JF: There were one or two Jewish tenants, I remember. They could not go out either. I do not know what happened with them. They were all older, and I was a kid. I was really fifteen, when the Anschluss took…I was a teenager. My head was nowhere.


NW: Were there some confiscations of your properties, in these days?


JF: Everything. What do you mean, some?


NW: No, but I mean already in the Anschluss days.


JF: I had to turn over silver. I had to turn over everything.


NW: They just came into your apartment and stole--


JF: --no, they made me go, and I took…with my mother…I took things to a place. We had a lot of silver and stuff, and we had to just turn it over.


NW: These times, many people were forced to scrub the streets, or…humiliating stuff.

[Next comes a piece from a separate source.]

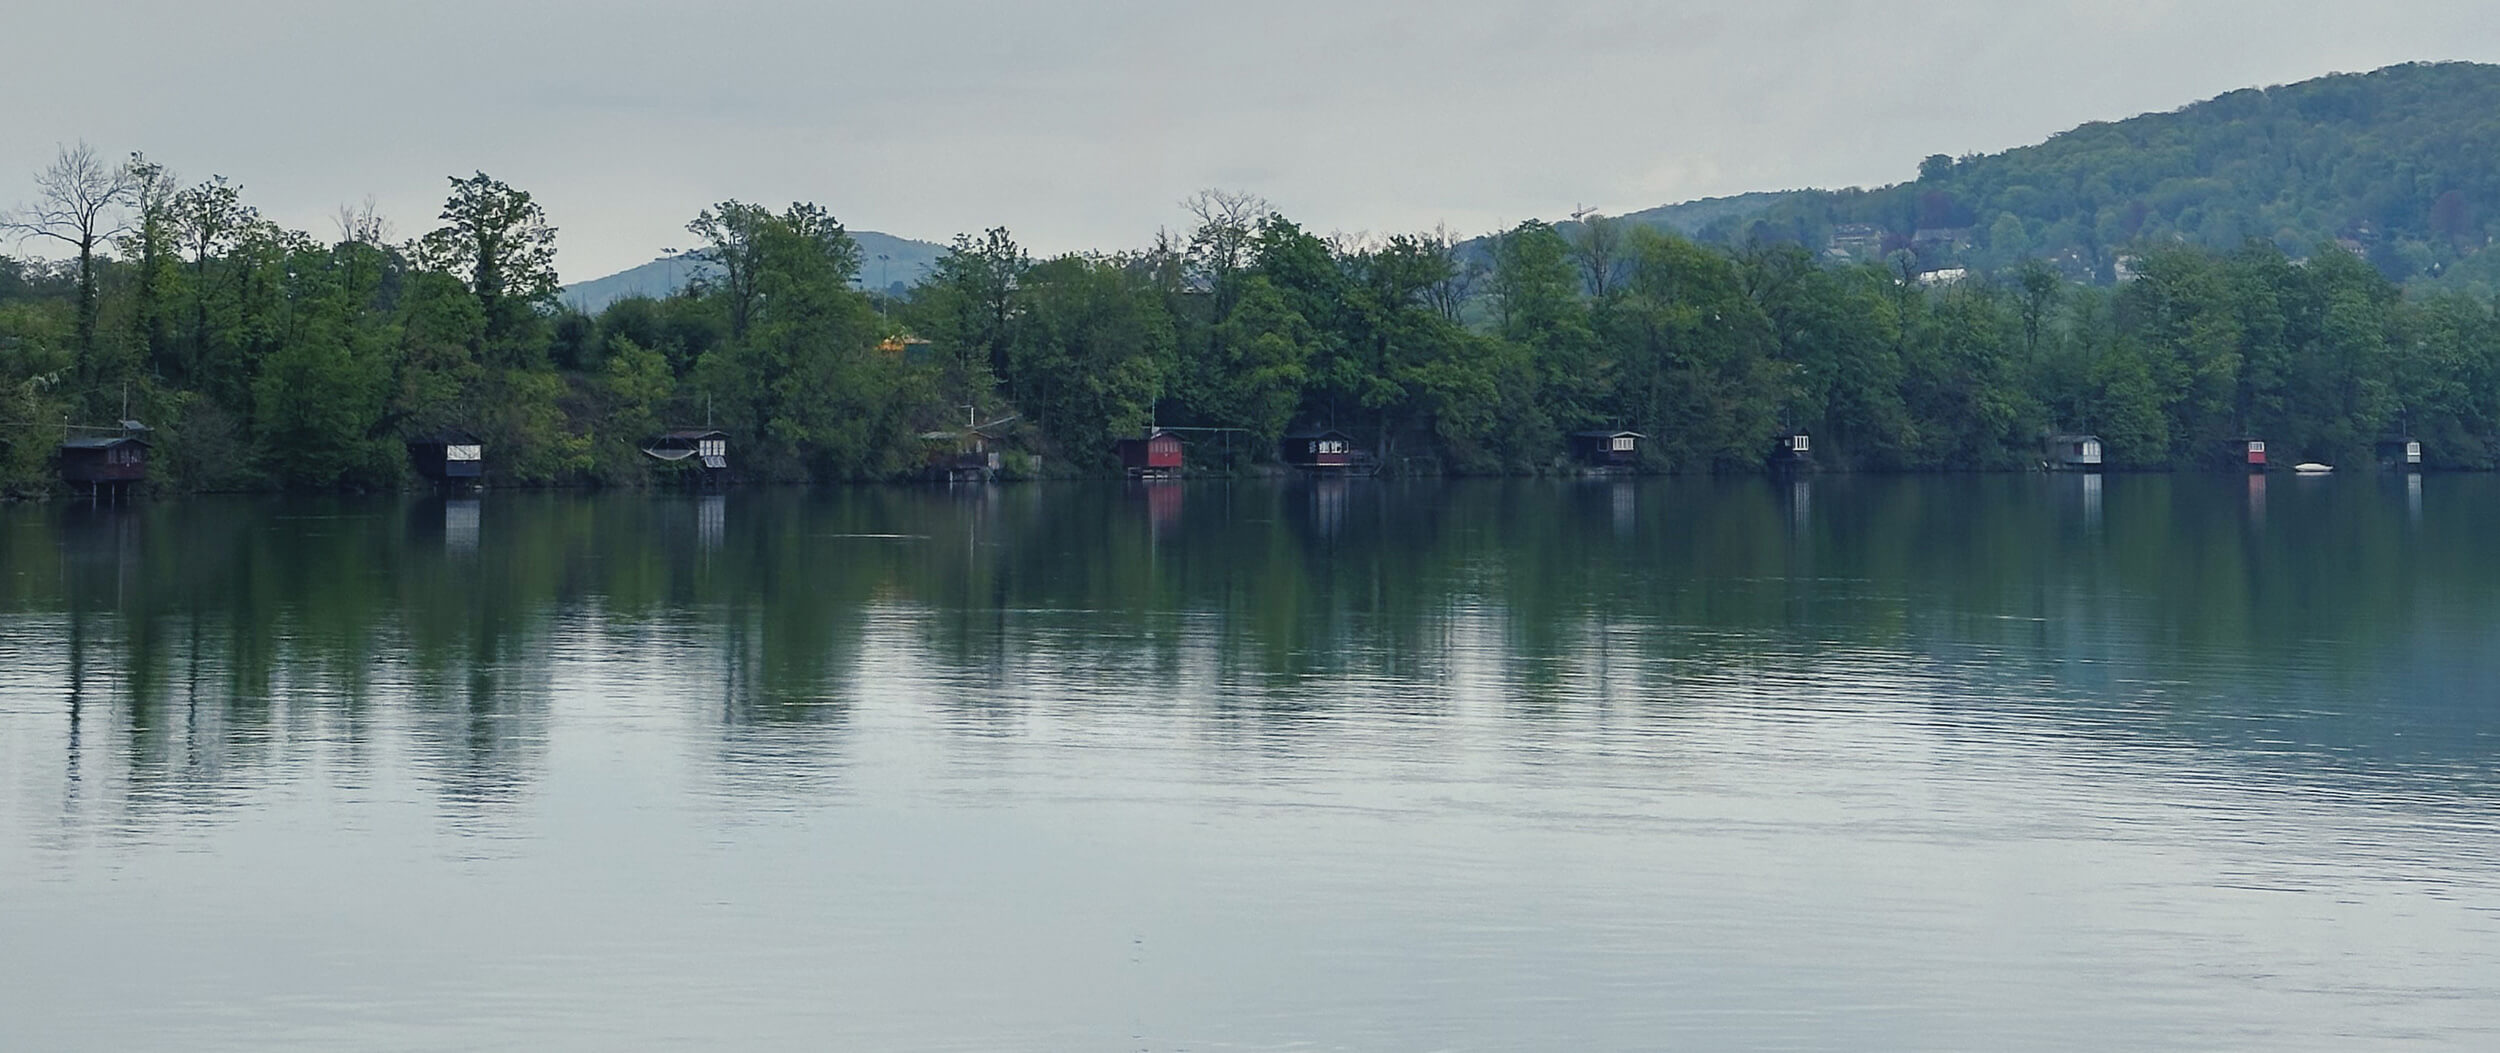 Matthias Maier | Stories | Week 16 | Fishing huts on the Rhine river

JF: --no, I did not make…I did not scrub streets. But if I had gone out, maybe…I think men, mostly men they pulled in to do that stuff. My father, of course, was not well, so he did not even go out. I did not do that, but we did get a family into our house.


NW: Into your apartment?


JF: Yes. They brought some strange family in, for us to put them up. They must have thrown them out of their house, and put them up into our house.


NW: It was a Jewish family, too?


JF: Yes.






NW: For how long were you living together?


JF: I cannot tell, but maybe a week or two. And then, I do not know what they did with them. Then they left to go somewhere. They did not throw us out of our house. I do not know what the reason was, but they did not. But they put some other family into my apartment. With us.


NW: But it was big enough to--


JF: --we managed somehow.


NW: Did you, at that time, think that Hitler's regime…that the Hitler time period would be lasting for long, or did you just think--


JF: --I had no understanding of what this was all about. I really did not understand why this happened, why I was so bad, because I was Jewish, what was so bad about our…being alive, and I did not really intellectualize it, in a sense, it was a matter of surviving, and time to…hoping it will go away, I think. I did not realize what it was going to come to. I mean, I do not think we had any…I did not have an understanding of it. I really did not. Intellectually, I was just not able to understand this kind of thing, at all. I do not know who did, but maybe there were other people, who were more…had more foresight than I, but I did not understand this.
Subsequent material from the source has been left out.